Plant-based dietary patterns defined by a priori indices and colorectal cancer risk by sex and race/ethnicity: the Multiethnic Cohort Study | BMC Medicine

study population

The MEC is a population-based, prospective cohort study designed to investigate lifestyle and genetic factors related to cancer and other chronic diseases [15]. Participants were identified from the sources including driver’s license records, voter registration lists, and Health Care Financing Administration data files. They were recruited by mailing an invitation letter and questionnaire [15]. More than 215,000 adults aged 45–75 years living in Hawaii or the Los Angeles area were enrolled between 1993 and 1996. Participants were primarily African American, Japanese American, Native Hawaiian, Latino, or White. The response rates from highest to lowest were Japanese American men 46%, women 51%; White men 39%, women 47%; Native Hawaiian men 36%, women 42%; African American men 20%, women 26%; and Latino men 19%, women 21%. The respondents completed a self-administered, comprehensive questionnaire including a detailed dietary assessment. The Institutional Review Boards of the University of Hawaii and the University of Southern California approved the study.

For the current analysis, we excluded participants who were not of one of the main five racial and ethnic groups (n = 13,987), had colorectal cancer prior to baseline based on self-report (n = 2251) or tumor registry information (n = 300), and reported implausible diets (n = 8,137).
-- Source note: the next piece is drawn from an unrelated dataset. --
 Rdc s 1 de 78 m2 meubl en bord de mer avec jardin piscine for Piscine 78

Specifically, we computed a robust standard deviation (RSD) with an assumption of a truncated normal distribution from the middle 80% of the log energy distribution. Then, we excluded all individuals with energy values ​​out of the ranges of means ± 3RSD. A similar approach was used to exclude individuals with extreme fat, protein, or carbohydrate intakes to identify individuals who skipped important dietary pages [16]. As a result, the range of total energy intake after exclusions was 490 to 8700 kcal/day for men and 425 to 7800 kcal/day for women. We further excluded participants with missing covariates (n = 19,234) including body mass index (BMI), smoking, physical activity, multivitamin use, nonsteroidal anti-inflammatory drug (NSAID) use, and menopausal hormone therapy use for women. As a result, a total of 79,952 men and 93,475 women were included in the analysis.
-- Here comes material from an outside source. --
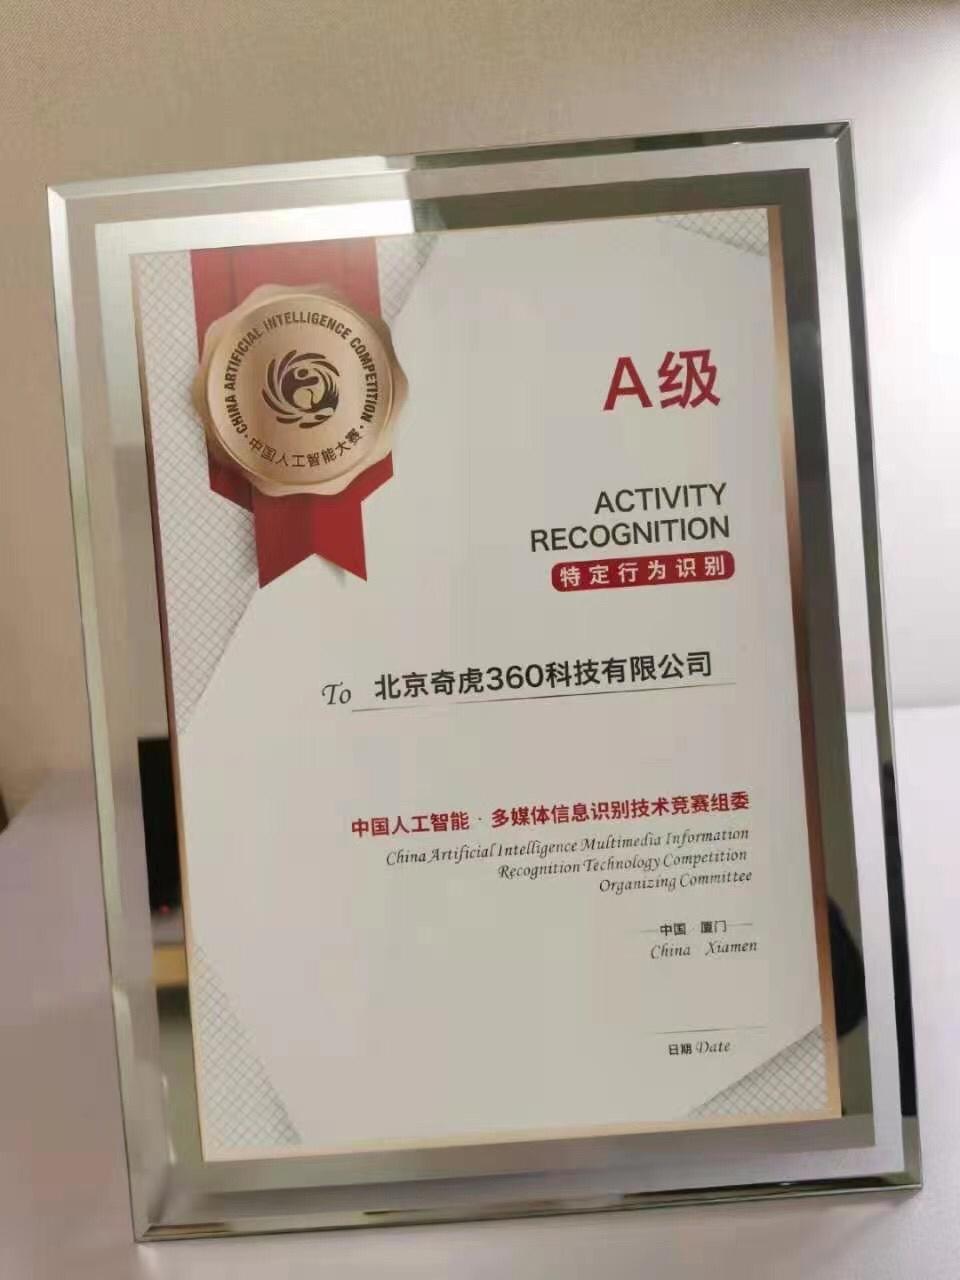 360获中国人工智能大赛A级证书,行为识别技术表现亮眼

Dietary assessment and plant-based diet indices

At baseline, participants’ usual intake of foods and beverages was assessed with a quantitative food frequency questionnaire (QFFQ) with > 180 food items [15]. Participants reported the frequency and the usual portion size of food consumption in the previous year. The QFFQ had 8 response categories (“never or hardly ever” to “2 or more times a day”) and, for some beverage items, 9 response categories (“never or hardly ever” to “4 or more times a day”) . Participants were asked to choose one of three (in a few instances four) portion size options specific to each food item to assess quantity of food eaten. The QFFQ was validated in all sex-ethnic groups in a calibration study with the use of data from three repeated 24-h dietary recalls [17]. Daily energy and nutrient intakes were calculated using the food composition tables developed by the University of Hawaii Cancer Center for use in the MEC.
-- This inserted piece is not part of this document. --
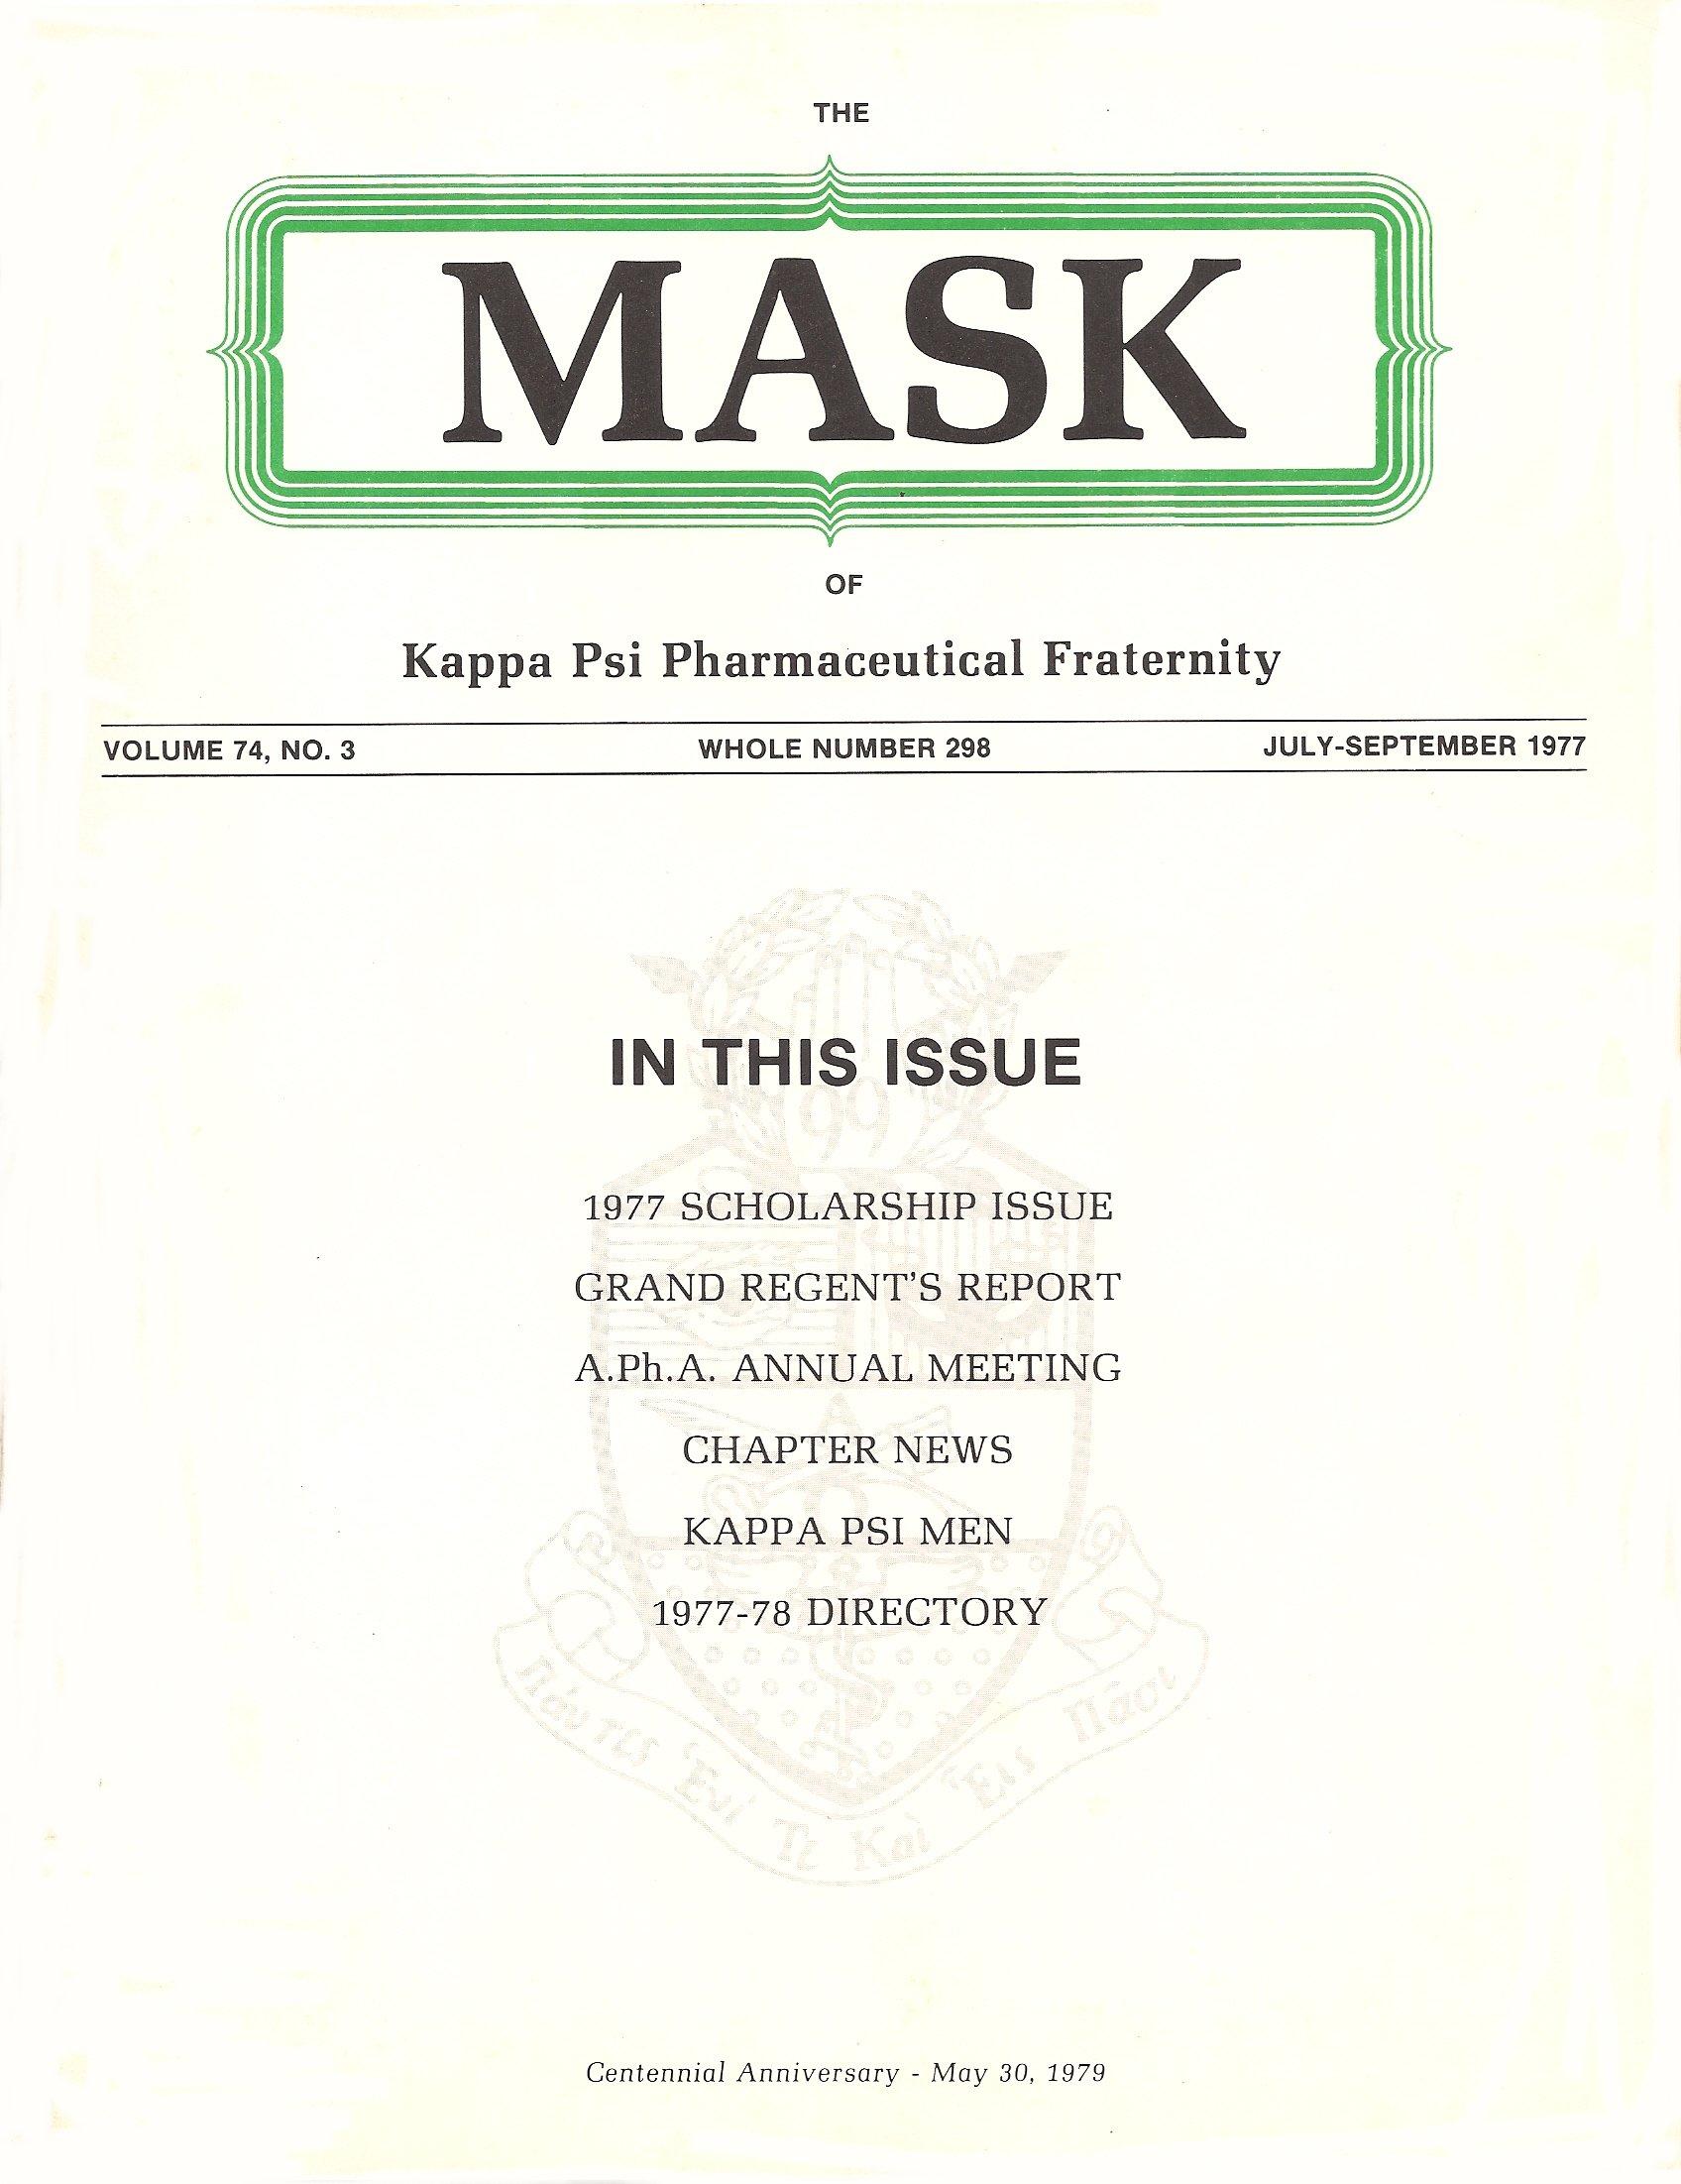 mask_cover_06_1977.jpg

We calculated three plant-based diet indices (PDI, hPDI, and uPDI) using data from the QFFQ, based on the food groups defined and the scoring methods developed in previous studies [12, 13, 18]. For the current study, 16 food groups were used for the PDI, hPDI, and uPDI. The food groups were classified as healthy plant foods (whole grains, fruits, vegetables, vegetable oils, nuts, legumes, tea and coffee), less healthy plant foods (refined grains, fruit juices, potatoes, added sugars), and animal foods ( animal fat, dairy, eggs, fish or seafood, meat) for PDI, hPDI, and uPDI based on the associations between food items and health outcomes reported in the literature [12, 13]. We modified the original 18 food groups used for PDI, hPDI, and uPDI [12, 13] by combining sugar, sweetened beverages and sweets and desserts into added sugars and excluding miscellaneous animal-based foods because we primarily used the MyPyramid Equivalent Database (MPED) values ​​(cup equivalents or ounce equivalents) calculated for the MEC participants [19, 20]. The MPED is a standardized food-grouping system developed by the USDA that disaggregates mixed dishes into their food items and allocates each food item into one of 32 food groups [14]. We used the MPED values ​​for 13 out of 16 component food groups of plant-based diet indices as we did for constructing commonly used diet quality indices from the MEC QFFQ that included many mixed dish items [20]. For vegetable oils, tea and coffee, and animal fat that were not in the MPED groups, gram amounts of individual QFFQ items were used.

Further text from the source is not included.